Condenados a ir sin rumbo entre los cañales y los ríos, la Siguanaba y el Cipitío son el resultado del enojo de Tláloc tras la traición hecha hacia su hijo.
Aunque El Salvador alberga un sinfín de leyendas, hay dos historias en particular que se han ganado un espacio privilegiado en la mente de los salvadoreños. Si bien no es de extrañarse que algunos mitos sean desconocidos para algunos sectores, sin duda alguna las historias de la Siguanaba y el Cipitío son la excepción. Hablar de una de ellas, siempre llevará a mencionar la otra, ya que parecieran ser las dos caras de una misma moneda. Por un lado está la ternura y picardía que genera este pequeño niño con sombrero de palma, mientras que por el otro, encontramos la angustia y el terror de toparse con la Siguanaba.
Pero, ¿cómo se originaron dos de los relatos populares más importantes de la mitología salvadoreña?
El despojo de la belleza
Si bien muchas de estas leyendas tienen algunas variantes en los diferentes países de latinoamérica, el personaje de la Siguanaba es bastante conocido en Centroamérica y países como México, Colombia, Venezuela y Ecuador por mencionar algunos; y aunque estos relatos contienen algunas similitudes, en cada país se brindan rasgos propios de su cultura que hacen de la Siguanaba un personaje aún más aterrador para cada región.
En el caso de El Salvador, la Siguanaba no nació siendo la aterradora figura que se nos ha contado de generación en generación, nacida como Sihuehuet, cuyo nombre significa “mujer hermosa” en nahuat, ella era una mujer campesina quien con su indudable belleza consiguió enamorar al príncipe nahua e hijo del dios Tláloc, Yeisun. De esta unión nació el único hijo de la pareja, a quien llamaron Cipitío. Algunas versiones de esta historia dicen que Sihuehuet y Yeisun se separaron luego de que él tuviera que irse a la guerra, mientras que otras no dan mayores detalles. Sin embargo, ambas llegan al mismo desenlace. Sihuehuet decide desentenderse de su hijo en busca de la atención de otros hombres.
Tláloc, al enterarse de esta situación, se enfurece y condena a la mujer quitándole su belleza y cambiando su nombre a Siguanaba, que significa “mujer horrible”. Desde entonces, ha tenido que vagar por los campos, especialmente por las quebradas y ríos, donde se les aparece a los hombres para llevarse sus almas. En un principio, la Siguanaba se presenta como una mujer hermosa, con su cabello negro y largo suelto. Al conseguir la atención de los hombres y que estos se acerquen hacia ella, se transforma completamente como una mujer de apariencia horrible, con el pelo despeinado bajando sobre su busto caído para así poder robar sus almas.
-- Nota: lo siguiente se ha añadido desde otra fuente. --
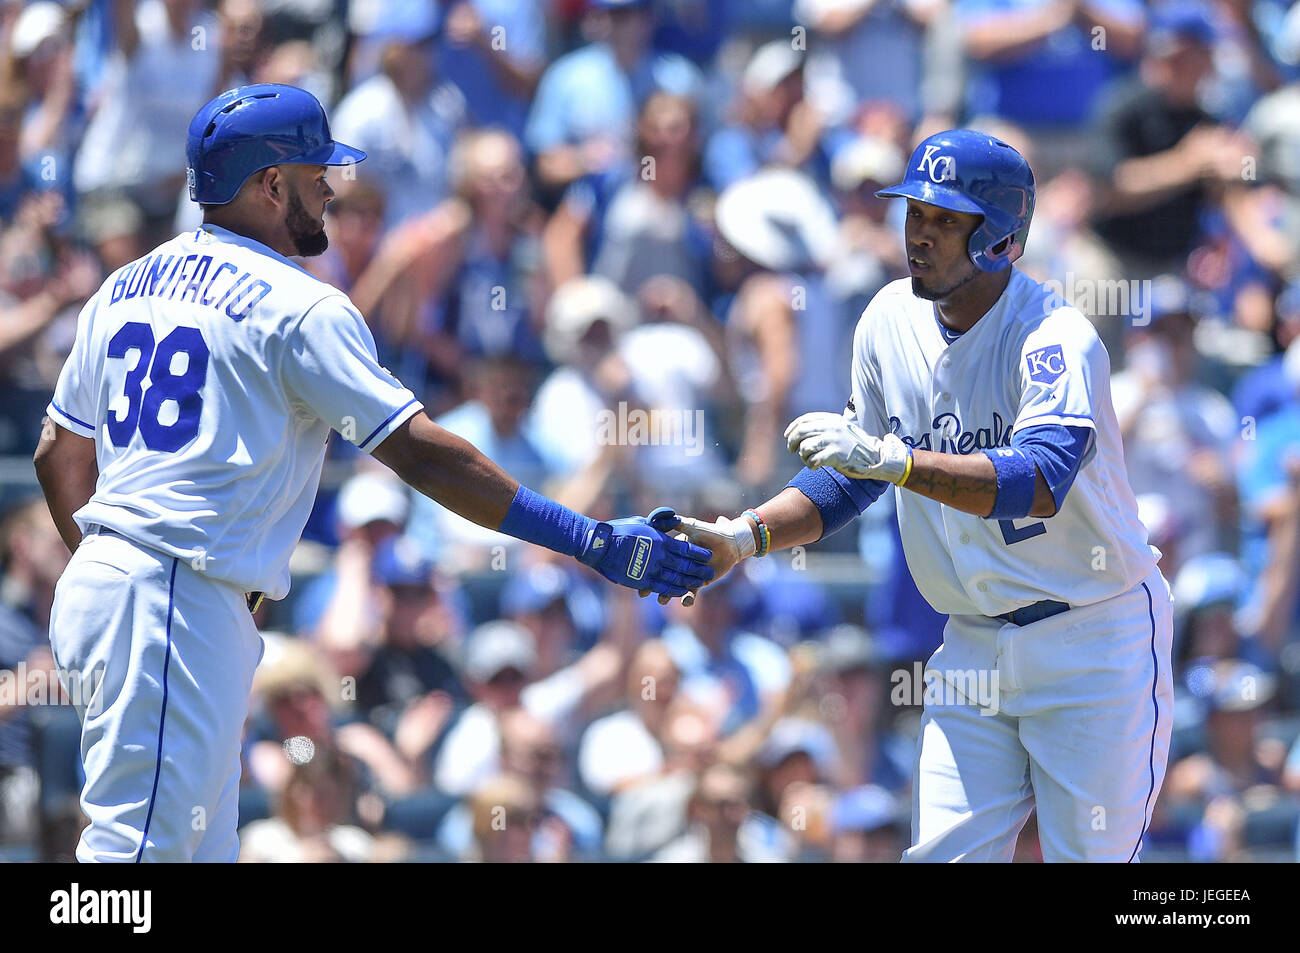 Kansas City, Missouri, USA. 24th June, 2017. Kansas City Royals shortstop Alcides Escobar (2) is congratulated by Kansas City Royals right fielder Jorge Bonifacio (38) after scoring a run in the bottom of the third inning during the Major League Baseball game between the Toronto Blue Jays and the Kansas City Royals at Kauffman Stadium in Kansas City, Missouri. The Royals won the game 3-2. Kendall Shaw/CSM/Alamy Live News Stock Photo

Pero, ¿hay alguna forma de evitarlo? Según cuentan algunos, es posible liberarse del fatídico destino que te espera si la ves, basta con morder una cruz o medalla y encomendarse a Dios o decir en voz alta la frase “Adiós comadre María, patas de gallina seca”. Aunque muchos creen que el remedio más efectivo es tomar valor y acercarse hasta poder tomarla del cabello y jalarlo. Esto provoca que la Siguanaba grite y corra del lugar, dejando libres a sus presas.
El niño eterno
Ahora bien, las acciones de su madre derivaron en un castigo para ella, pero también para el Cipitío, condenado a ser un niño de 10 años para siempre. Algunos mencionan que esto fue un castigo, mientras que otros aseguran que se trató del regalo de la juventud eterna.
Al contrario que su madre, el Cipitío no es un personaje de cuidado. Su actitud traviesa y juguetona se debe a que, sin importar el tiempo, sigue siendo solo un pequeño, lo que lo lleva muchas veces a hostigar a las personas, especialmente a las jóvenes bonitas con el fin de enamorarlas y ganarse su corazón.
En cuanto a su físico, este icónico personaje del folklore salvadoreño aparece vestido de blanco y con un gran sombrero de palma. Además, tiene los pies al revés, por lo que seguirlo es una tarea confusa y casi imposible.
Al igual que su madre, el Cipitío está condenado a vagar por el campo, especialmente por los cañales y los ríos. A pesar de que ambos sean el resultado de una misma historia, el destino de la Siguanaba y el Cipitío no podría ser más distinto entre sí.